• _Instructions for the task_: Word for word, restate the listing that follows and leave out the images.

• _Input data_:

-----

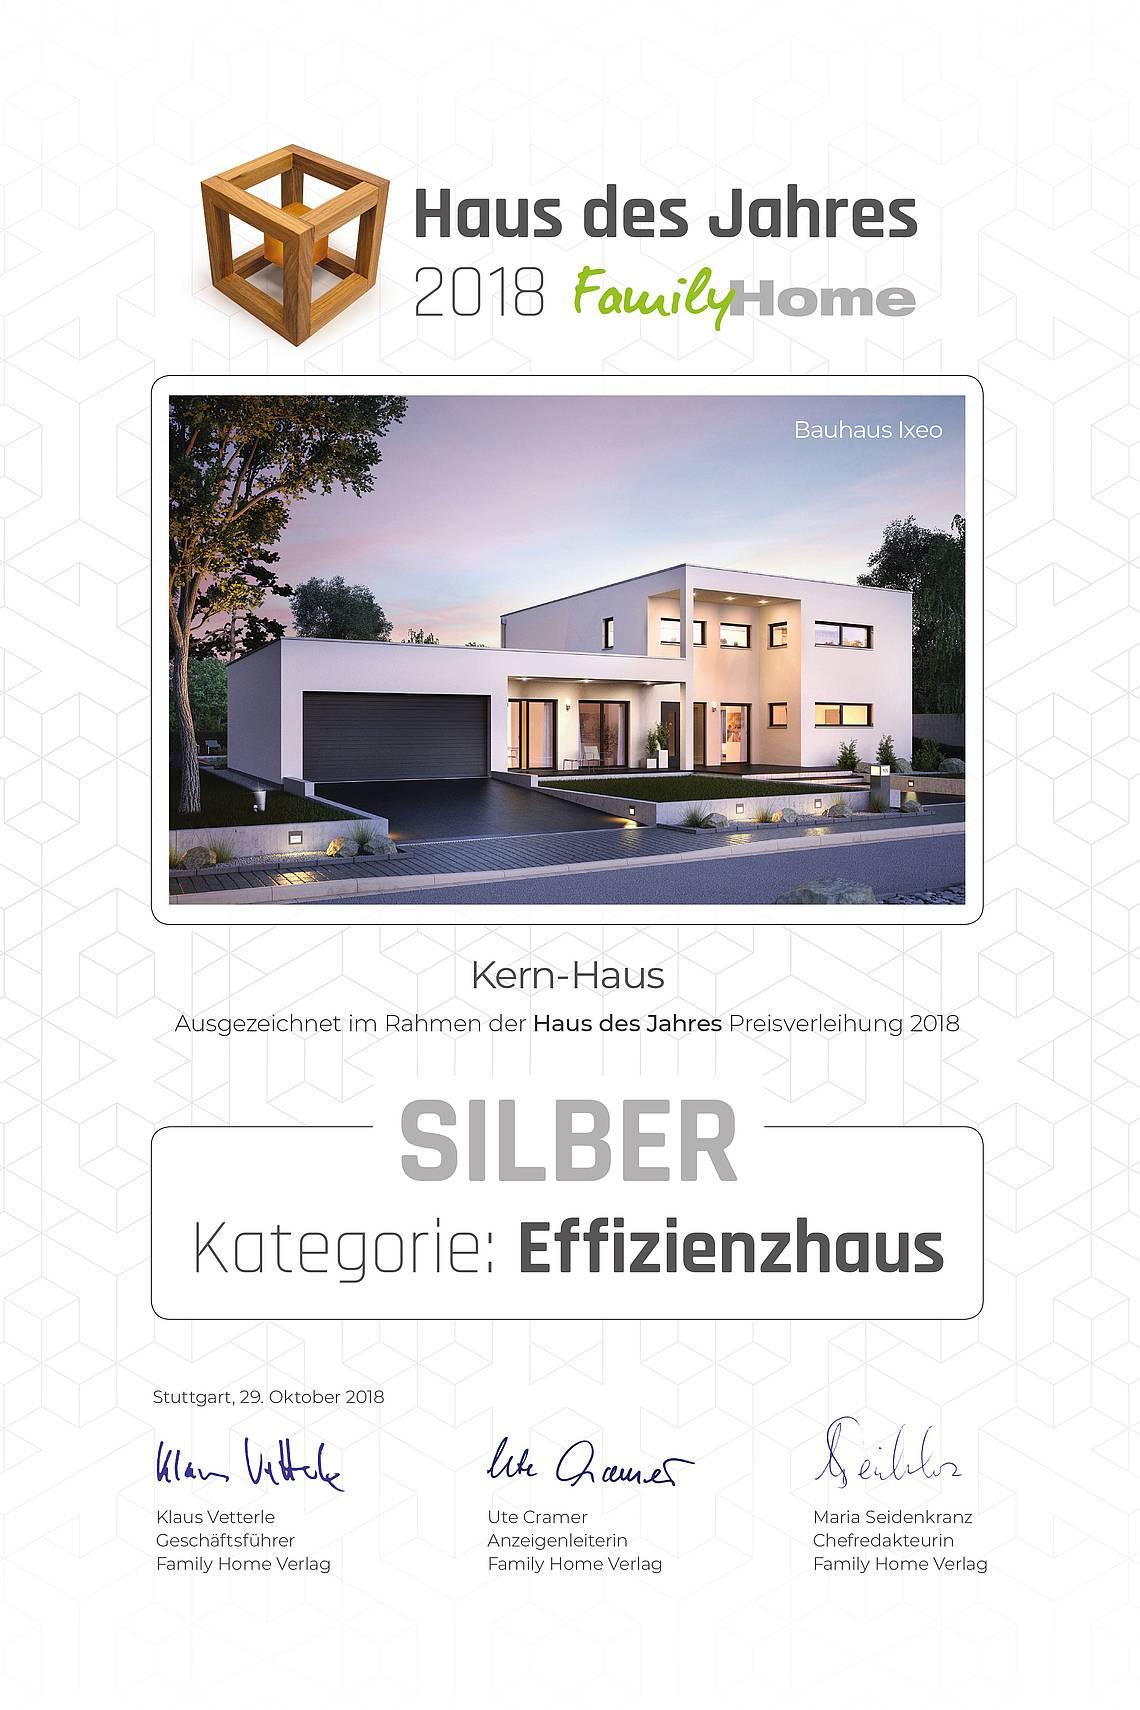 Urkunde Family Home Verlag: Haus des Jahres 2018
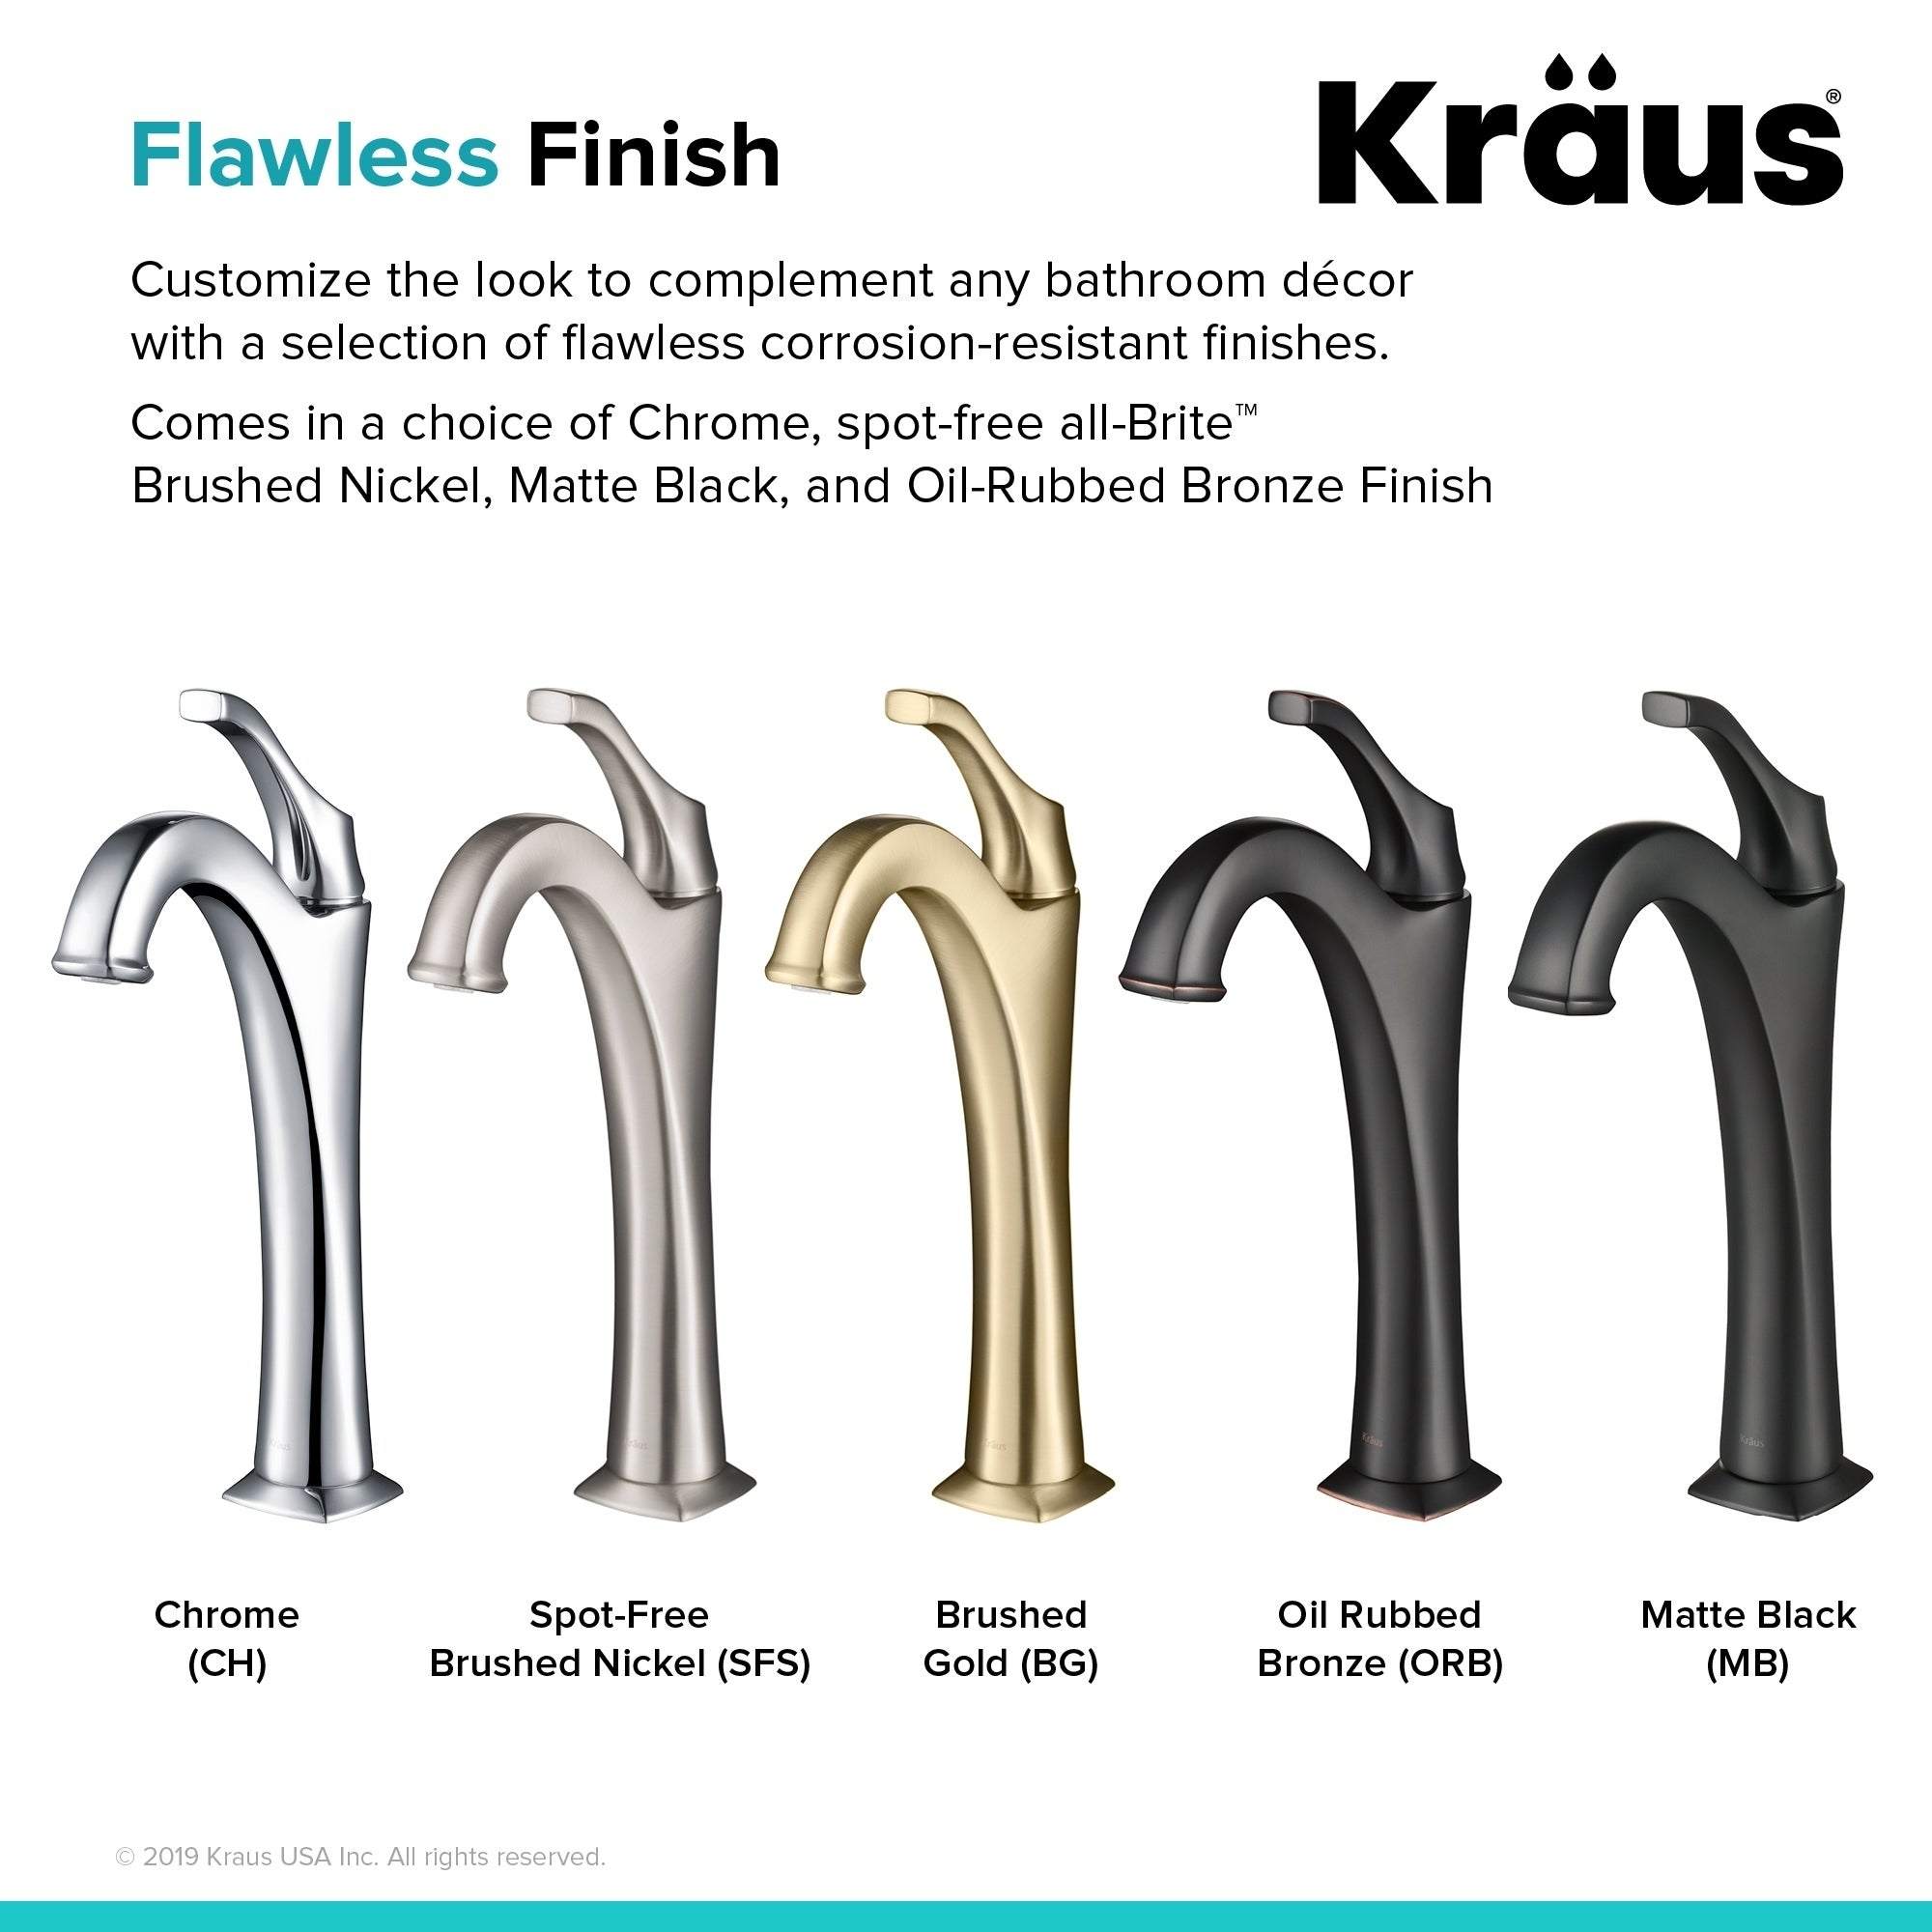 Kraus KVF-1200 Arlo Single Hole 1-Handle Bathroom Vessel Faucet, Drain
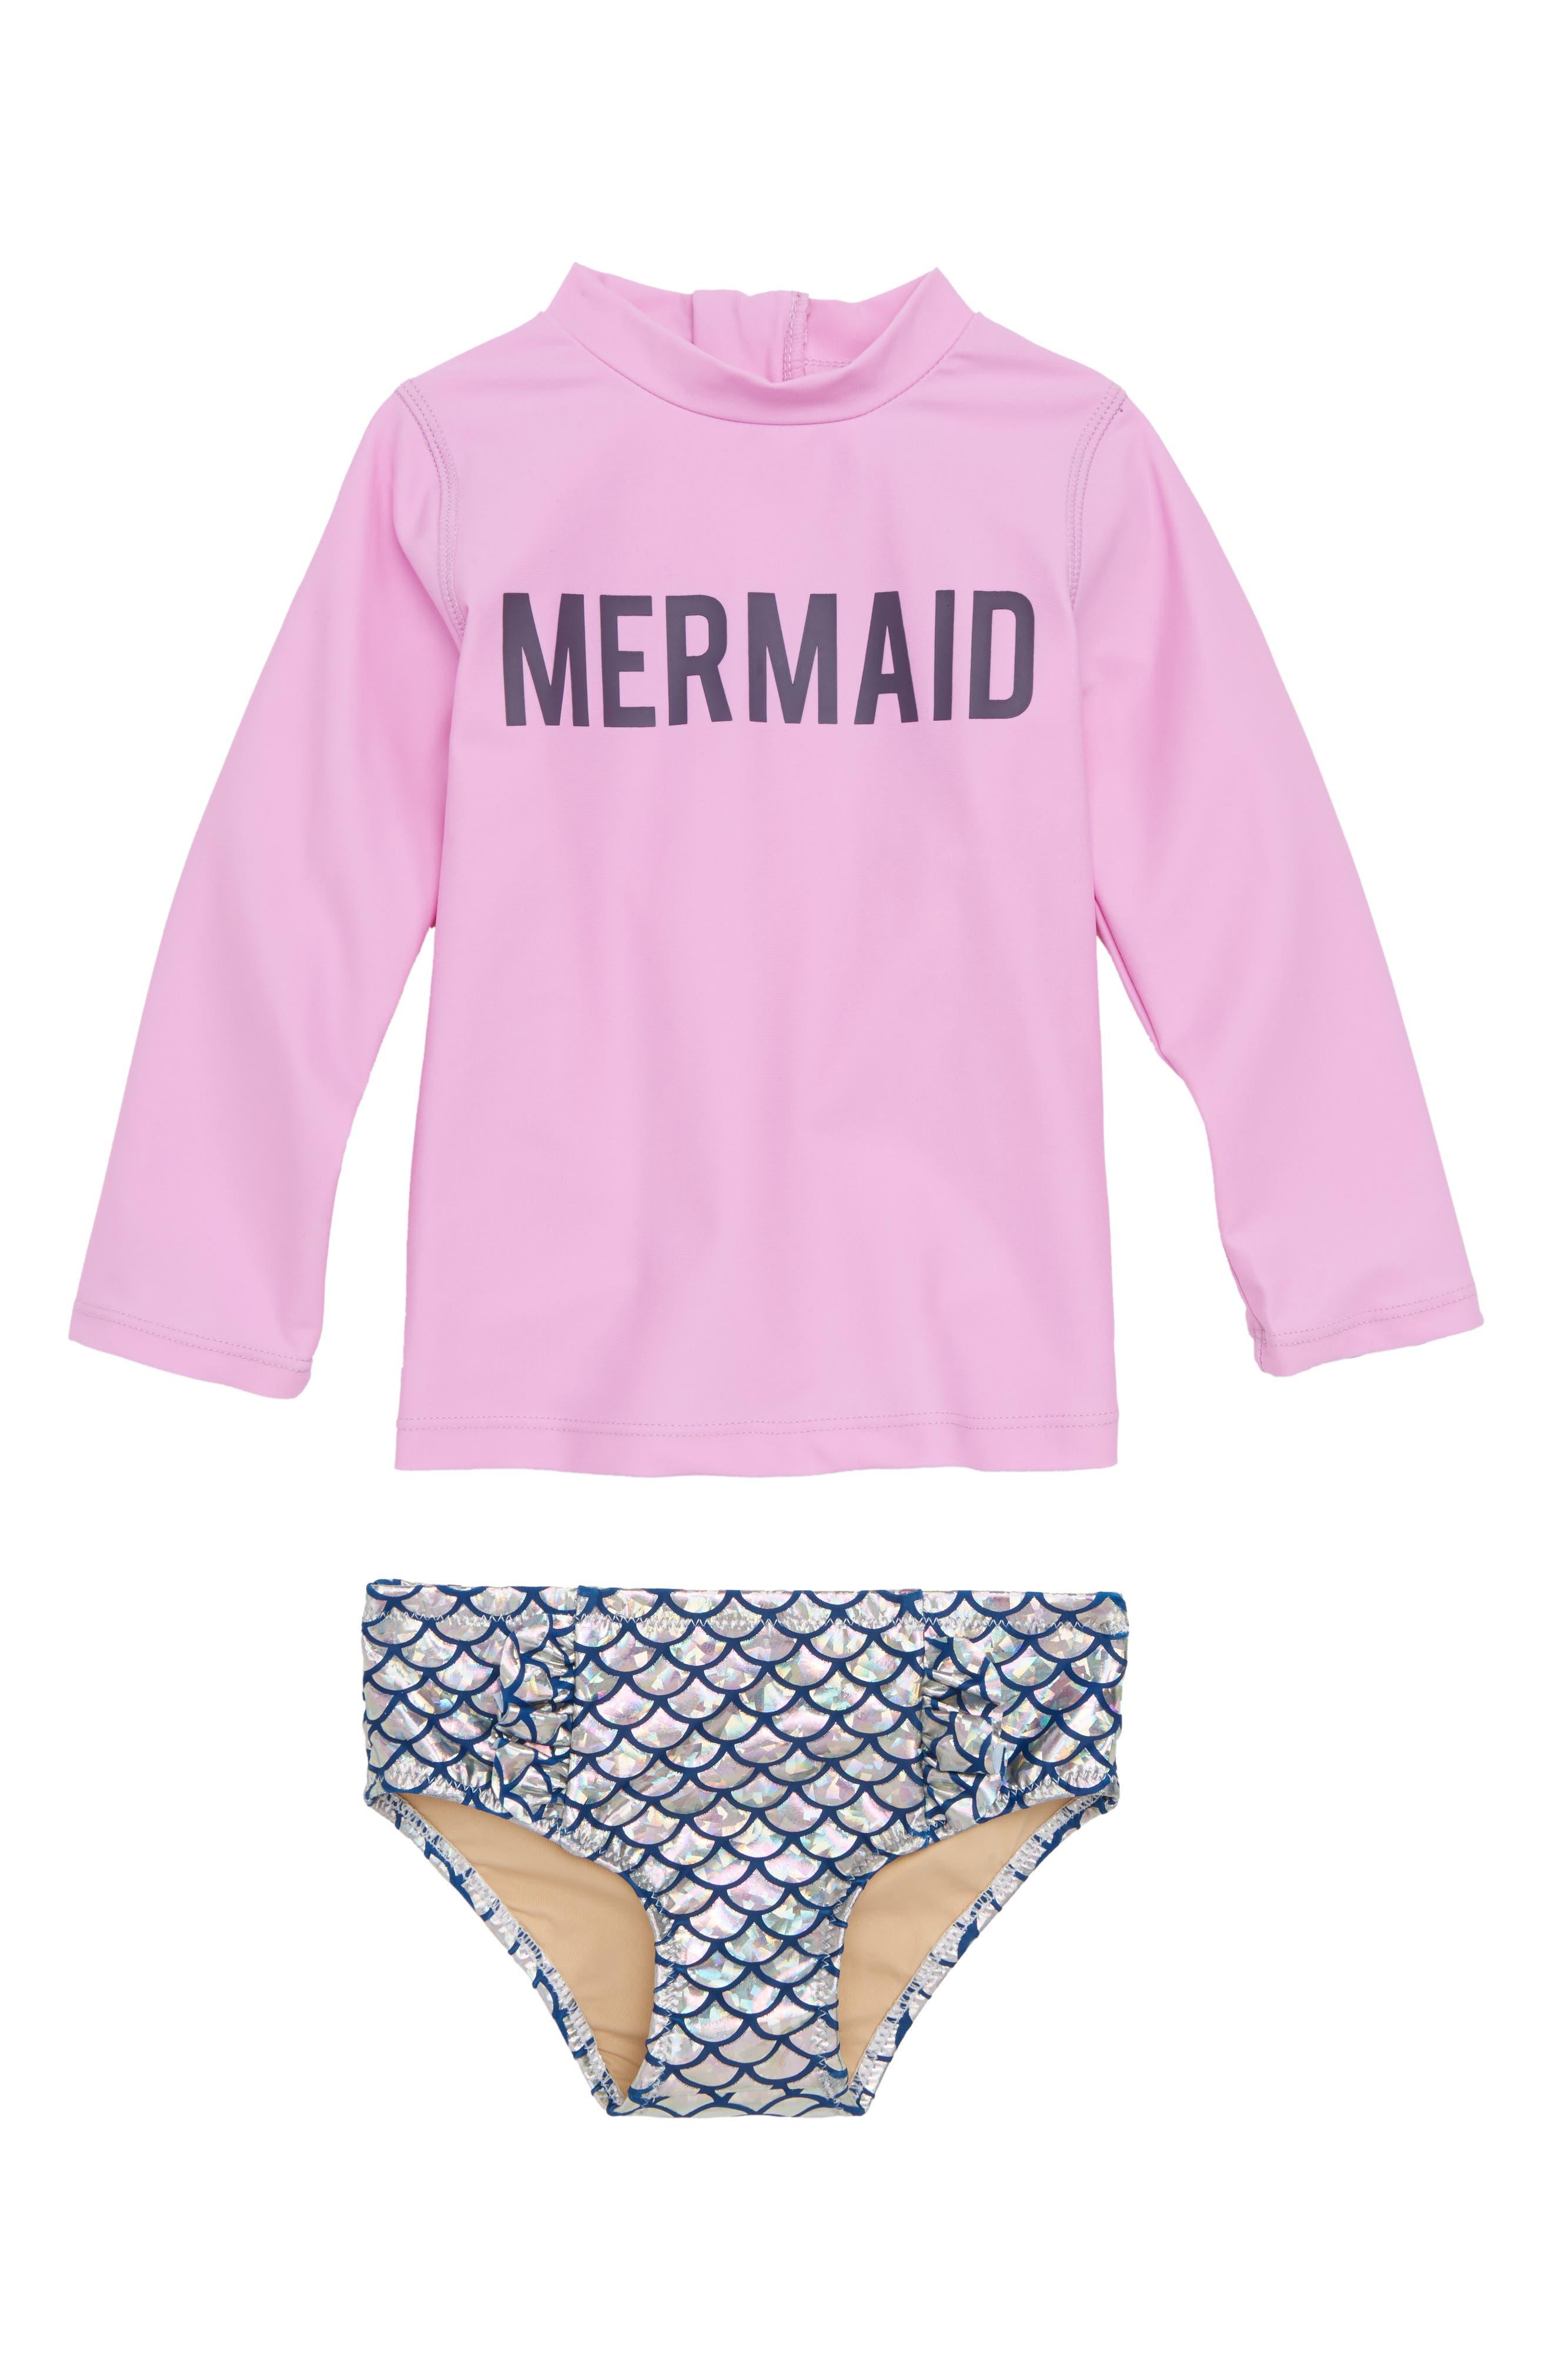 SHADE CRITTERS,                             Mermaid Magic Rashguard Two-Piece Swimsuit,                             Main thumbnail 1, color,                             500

-----

• _Answer to this exercise_:
 Urkunde Family Home Verlag: Haus des Jahres 2018
 Kraus KVF-1200 Arlo Single Hole 1-Handle Bathroom Vessel Faucet, Drain
 SHADE CRITTERS,                             Mermaid Magic Rashguard Two-Piece Swimsuit,                             Main thumbnail 1, color,                             500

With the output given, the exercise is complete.